Literature DB >> 25053220

A single parathyroid hormone level obtained 4 hours after total thyroidectomy predicts the need for postoperative calcium supplementation.

Azadeh A Carr1, Tina W Yen1, Gilbert G Fareau2, Ashley K Cayo3, Sarah M Misustin1, Douglas B Evans1, Tracy S Wang4.   

Abstract

BACKGROUND: Parathyroid hormone (PTH) levels after total thyroidectomy have been shown to predict the development of symptomatic hypocalcemia and the need for calcium supplementation. This study aimed to determine whether a PTH level drawn 4 hours postoperatively is as effective as a level drawn on postoperative day 1 (POD1) in predicting this need. STUDY
DESIGN: This is a single-institution retrospective review of 4-hour and POD1 PTH levels in patients who underwent total thyroidectomy from January 2012 to September 2012. If POD1 PTH was ≥10 pg/mL, patients did not routinely receive supplementation; if PTH was <10 pg/mL, patients received oral calcium with or without calcitriol.
RESULTS: Of 77 patients, 20 (26%) had a 4-hour PTH <10 pg/mL; 18 (90%) of these patients had a POD1 PTH <10 pg/mL. No patient with a 4-hour PTH ≥10 pg/mL had a POD1 PTH <10 pg/mL. All 18 patients with POD1 PTH <10 pg/mL received calcium supplementation. Three additional patients received supplementation due to reported symptoms or surgeon preference. A 4-hour PTH ≥10 pg/mL compared with a POD1 PTH had a similar ability to predict which patients would not need calcium supplementation; sensitivity was 98% vs 98%, specificity was 90% vs 86%, and and negative predictive value was 95% vs 95%. Of 21 patients who received supplementation, 13 (62%) also received calcitriol, including 9 patients (69%) with a 4-hour PTH <6 pg/mL.
CONCLUSIONS: A single PTH level obtained 4 hours after total thyroidectomy that is ≥10 pg/mL accurately identifies patients who do not need calcium supplementation or additional monitoring of serum calcium levels.

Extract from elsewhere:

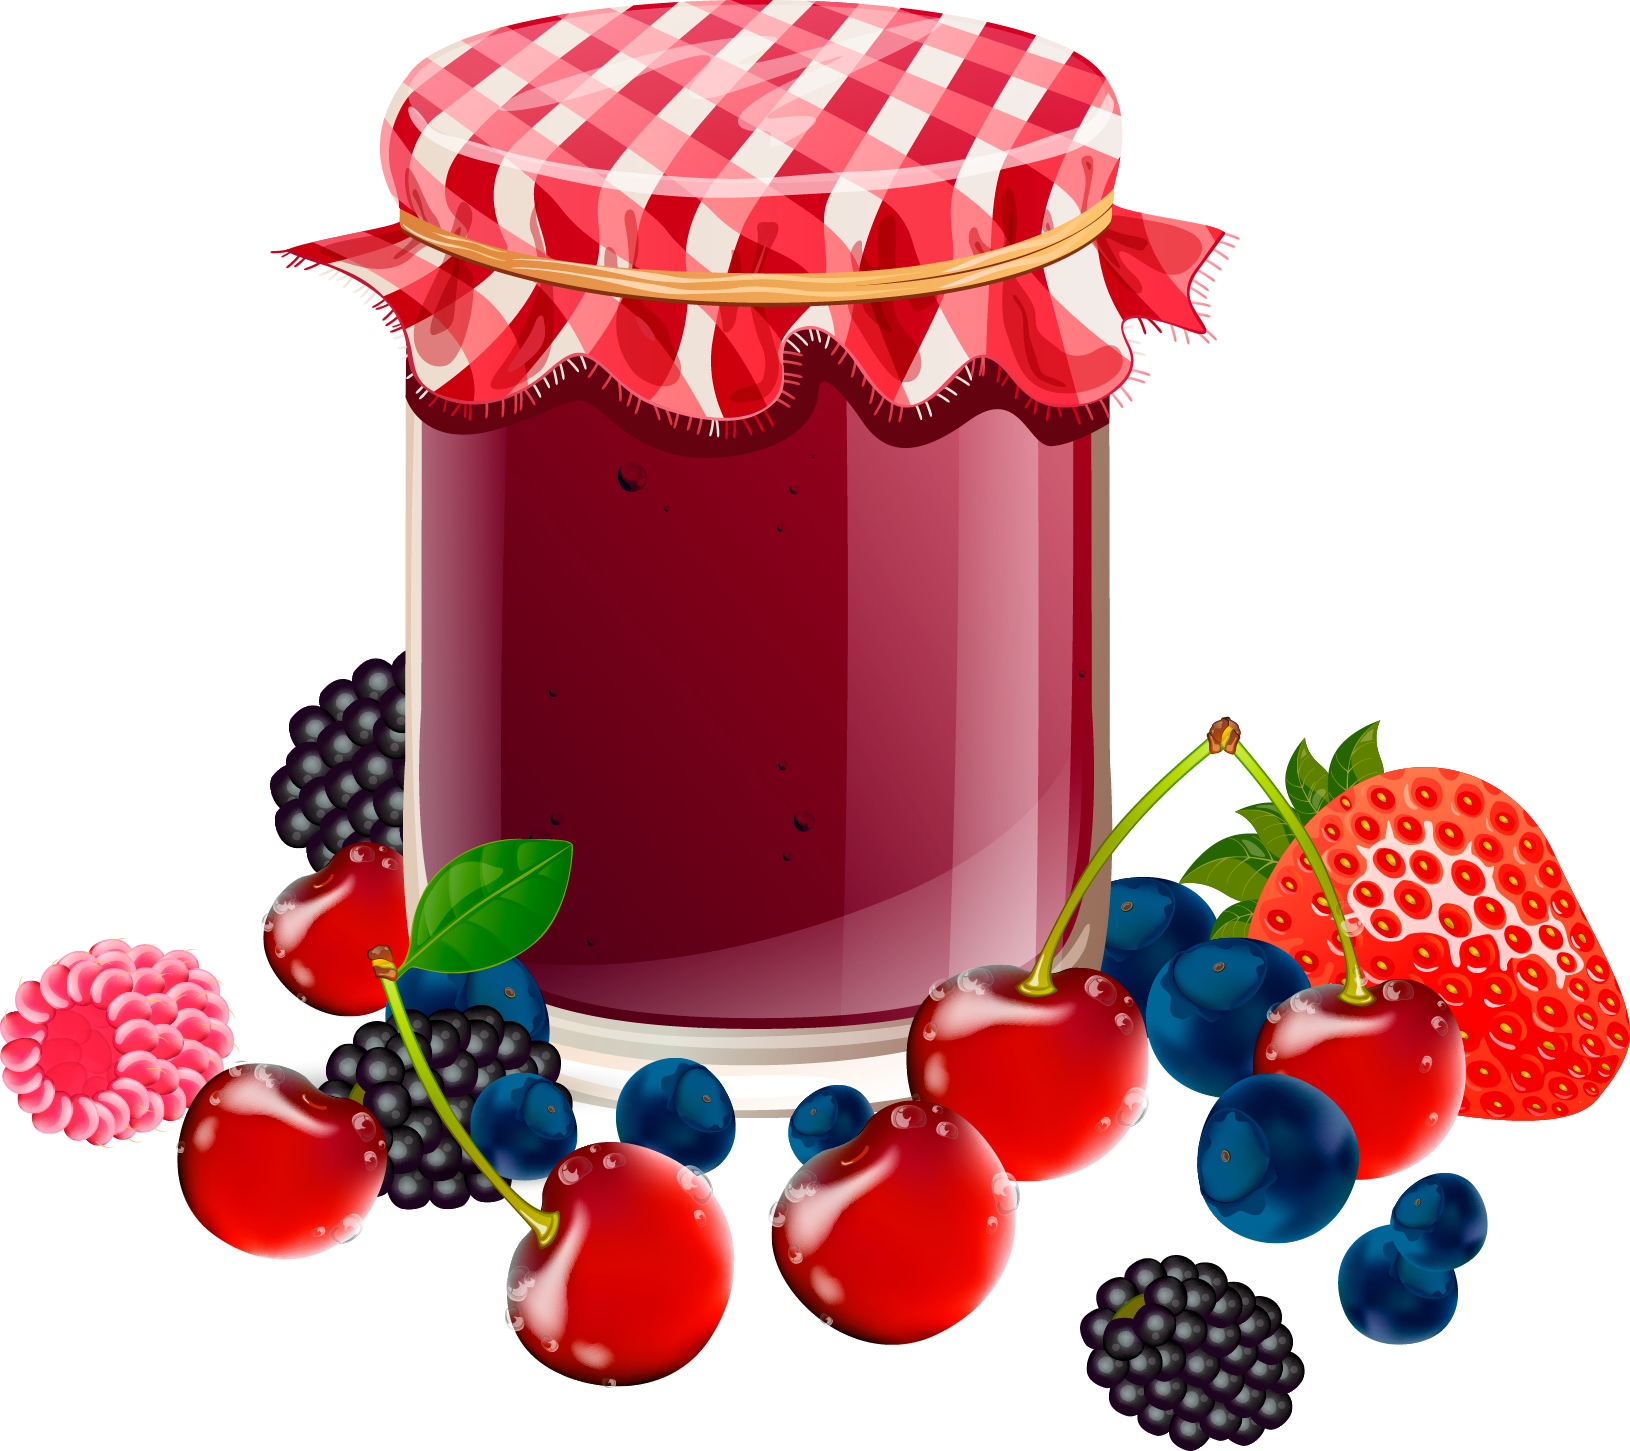 A Jar Of Jam And Berries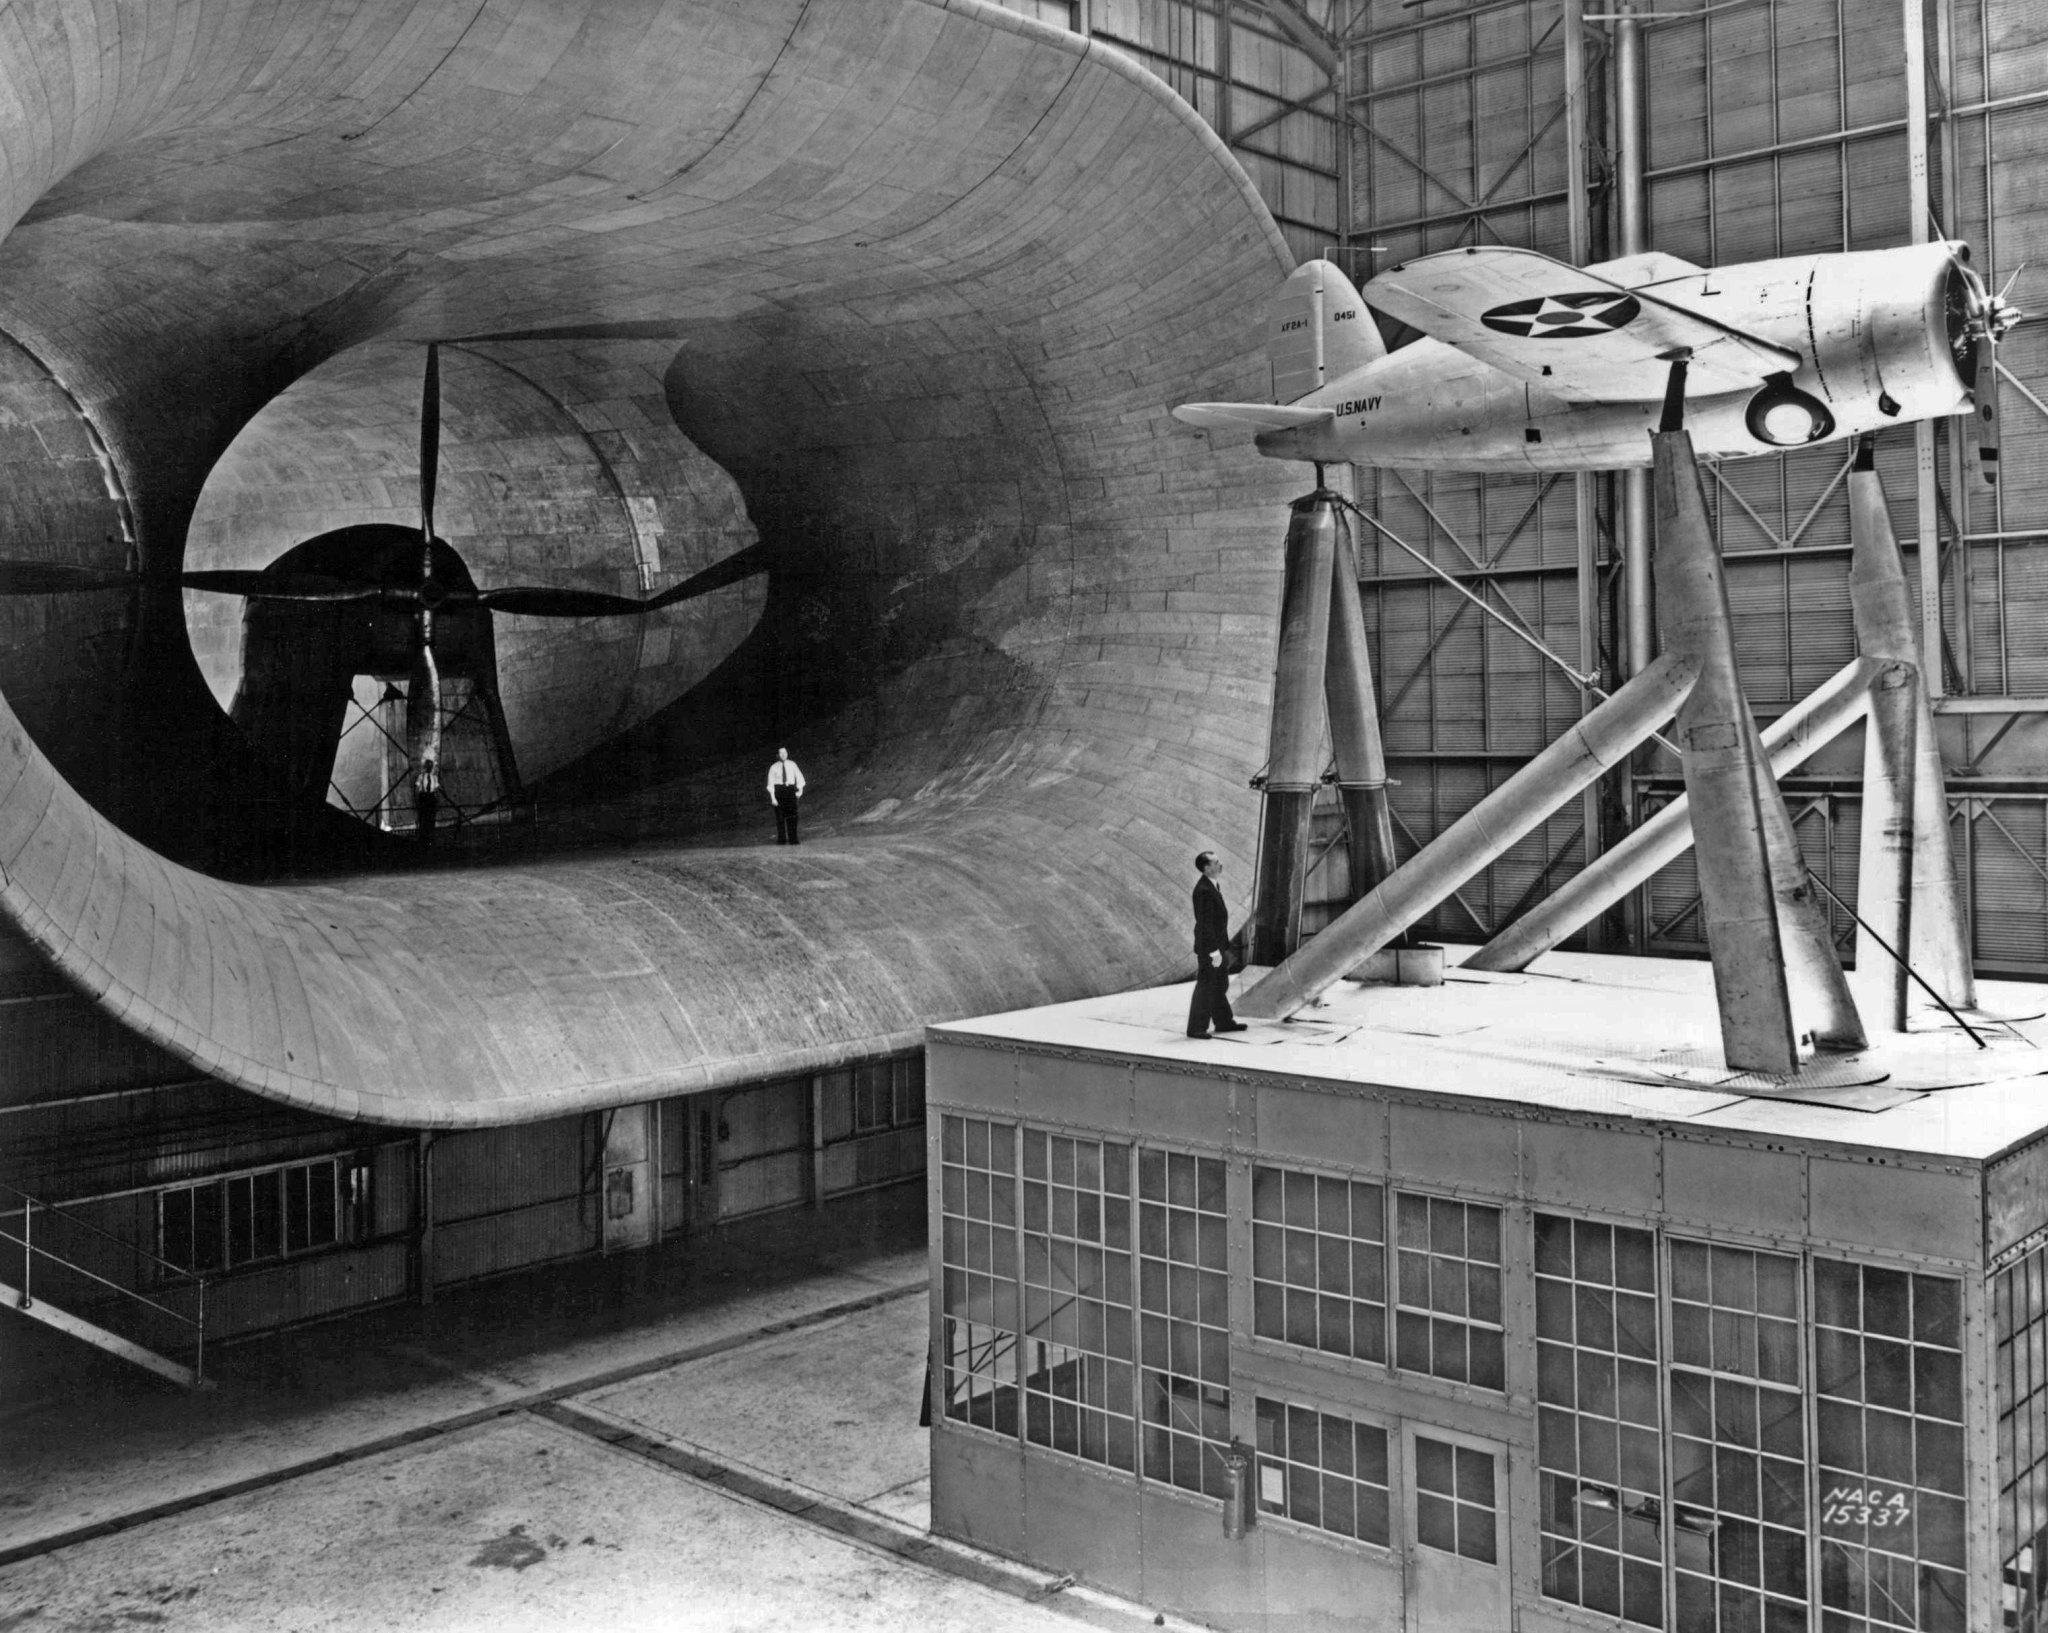 This is a photo of the Navy's Brewster XF2A-1 Buffalo mounted in the Full-Scale Tunnel for drag reduction studies.

Same-day discharge, if deemed safe, can be accomplished with or without calcium supplementation based on the 4-hour PTH level. Greater consideration should be given to calcitriol supplementation in patients with a 4-hour PTH <6 pg/mL.
Copyright © 2014 American College of Surgeons. Published by Elsevier Inc. All rights reserved.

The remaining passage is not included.